HELEN MORT running poet interview – Runner’s World Oct 2020 issue

William Wordsworth liked to get out and about as we know, but how much more fun would wandering lonely as a cloud have been if he was into running? Helen Mort, a former poet in residence at the Wordsworth Trust in Grasmere, employs a similar technique of writing on the hoof, but at a faster pace. Her time in the Lakes resulted in her debut full-length poetry collection, Division Street, but also the more prosaic publication Lake District Trail Running: 20 Off-Road Routes for Trail & Fell Runners.

“Poetry for me is about memorability,” she says. “I don’t take anything to write or record with when I’m out running, because I like to trust that, if I’ve remembered it by the time I’ve got home, it must be half decent. My favourite poems are the ones where a line or an image or a phrase has really stuck with me. You turn it over and over in your mind, like a craftsman whittling it into the best possible shape.”
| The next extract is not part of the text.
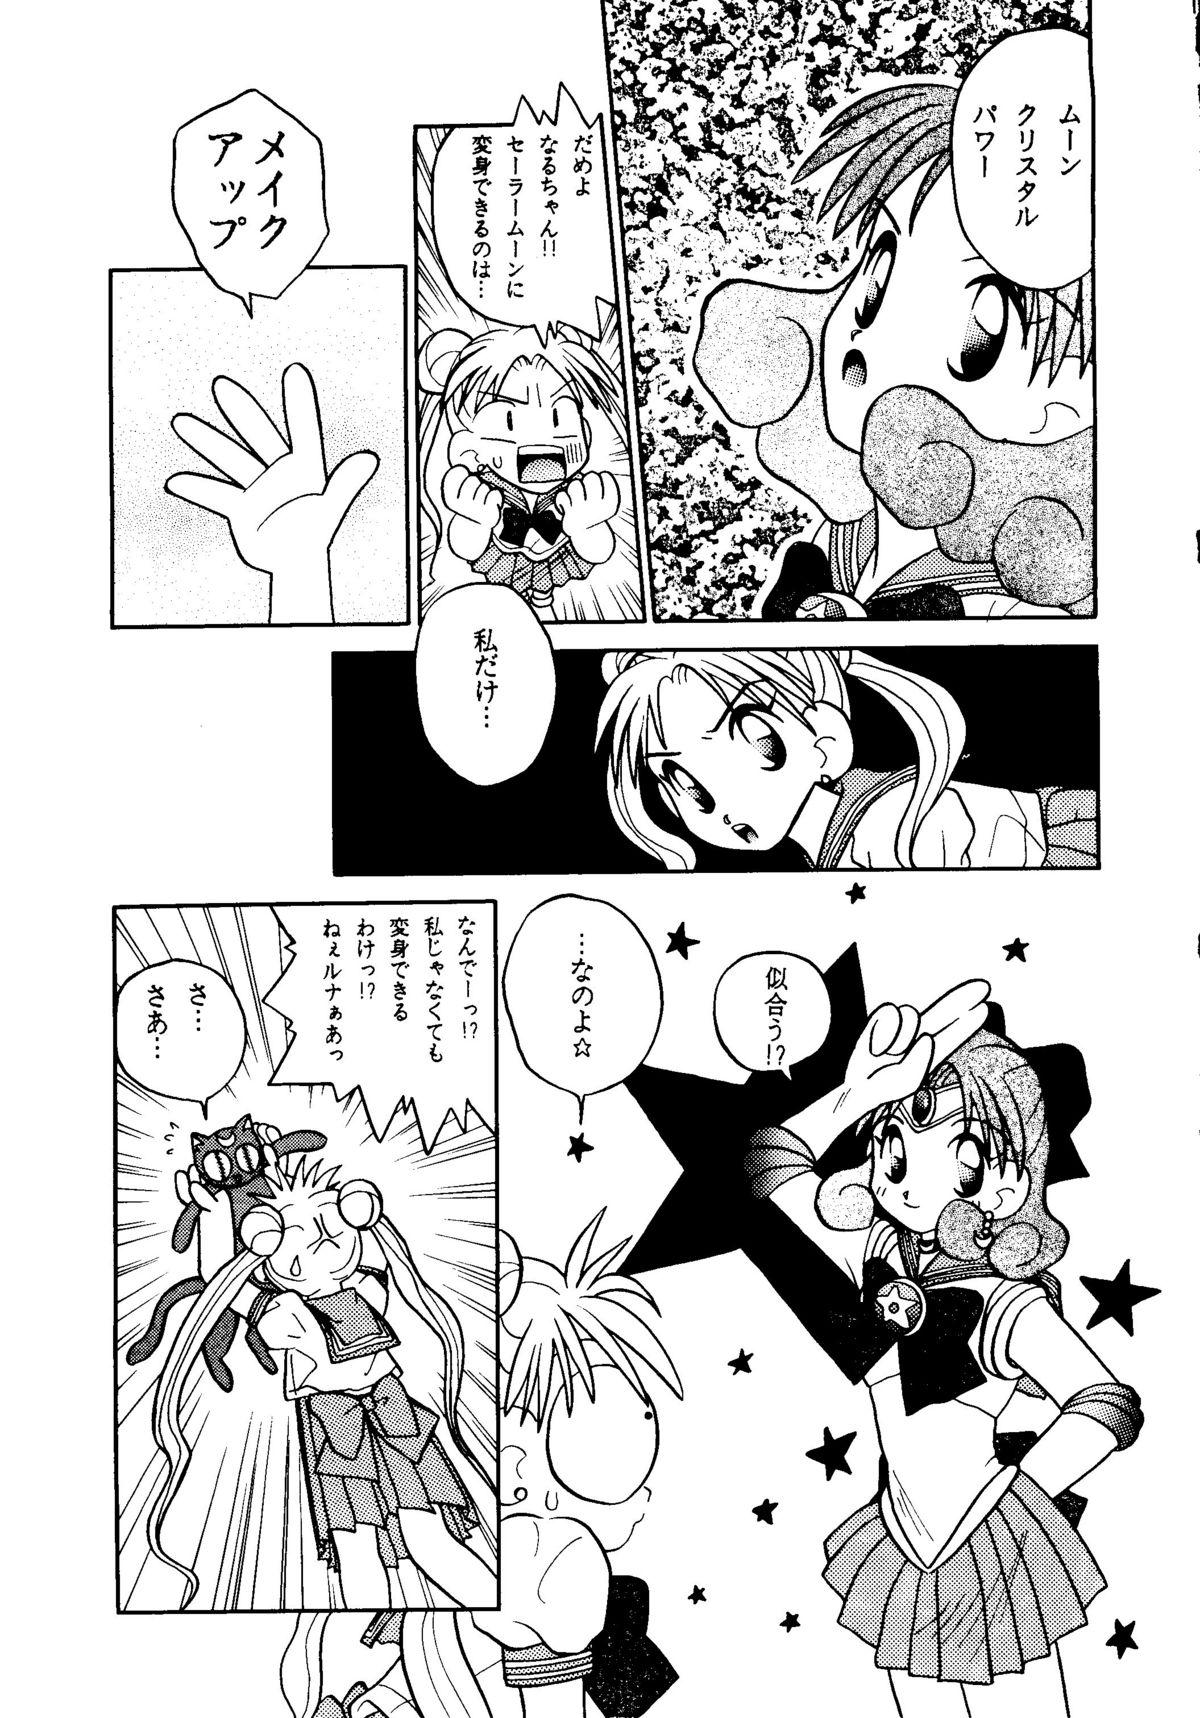 Petera GG3 SP 4 - Paradise City 2 - Sailor moon Futanari - Page 9

Raised in Chesterfield and now based on the edge of the Peak District in Sheffield, she’s a sub-3 marathon runner, past representative of Yorkshire in cross country and a keen climber. She knows she doesn’t fit the “pale and starving” image of the traditional poet, but finds it’s more fun this way. Her love of the outdoors fuels every element of her writing. Currently in the works: Never Leave the Dog Behind, a book of canine mountain adventures, and A Line Above the Sky, a memoir about climbing, nature, and motherhood. She ascended Snowdon with her toddler when he was a baby, and didn’t go the easy way.

“I am a very nervous person in general, and worry about things I shouldn’t worry about, particularly in relation to my child, but there’s something about being outdoors in the mountains, in my element, that takes that fear away. I actually feel very confident in those kinds of environments,” she says.

The link between running and writing isn’t a new discovery for her. She says she essentially does the same kind of work now that she did as a 14-year-old, when she attempted to write her first novel. It was the story of a group of girls who were all preparing to run the same race. “The way you push yourself as an athlete, and the way people engage with wild places, there’s so much to write about because it’s so psychological,” she explains. “I’m so interested in what drives people to do the things that they do.”

Childhood hikes with her dad, a hill walker who took her to high places in the Peak District and the Yorkshire Dales and up some of Scotland’s Munros, led to a strong performance in a school PE beep test and the start of the road into club running. She has competed with Chesterfield & District Athletics Club, Ambleside AC and Sheffield Running Club. Her experiences have led to her becoming interested in what she calls “running as a feminist act”.

“A lot of my second poetry collection, No Map Could Show Them, was about the early days of women’s mountaineering and some of the prejudices that female climbers faced. That led me to stories about women in running, like the organisers trying to drag Kathrine Switzer out of the Boston Marathon. I thought my new collection wasn’t about running at all, but a lot of it is about body image, different generations of women, motherhood, the postpartum body, and lo and behold running has found its way into all of that as well,” she says. “It’s been a metaphor for freedom and being able to do things for yourself.”

And even though it’s hard to picture Byron or Shelley knocking out a Parkrun (how much sweat wicking could those billowing shirts really do?) Mort thinks she’s far from alone in her dual enthusiasms. “You don’t necessarily think of artists as the most clean-living, but things have changed. There’s a lot of overlap now. So many people use running as a kind of meditation.”

It works the other way round, for readers, too. “As a writer, it’s nice to think that a book can become somebody’s point of connection with the outdoors. You’re never without adventure when you’ve got a book, because it really transports you to the landscape of the writing. You can go on an adventure from your living room, and that’s what a run is too, isn’t it?” she says. “You can completely redeem your day just by going out your front door.”

THREE OTHER WRITERS WHO RUN

Haruki Murakami

The Japanese author wrote a whole book about his training for the 2005 New York City Marathon, What I Talk About When I Talk About Running. “For me, the main goal of exercising is to maintain, and improve, my physical condition in order to keep on writing novels,” he wrote.

Joyce Carol Oates

The prolific novelist and multiple Pulitzer Prize finalist has been an equally dedicated runner. “Both running and writing are highly addictive activities; both are, for me, inextricably bound up with consciousness,” she has said.

Paul Deaton, Kim Moore and Ben Wilkinson

These three poet-runners are the co-editors of a recent collection of poems about running, The Result is What You See Today. Like Helen Mort, they see a close connection between the two disciplines: “With running, it’s you versus the path ahead, you versus your fellow competitors. In poetry, it’s you versus the blank page,” says Wilkinson.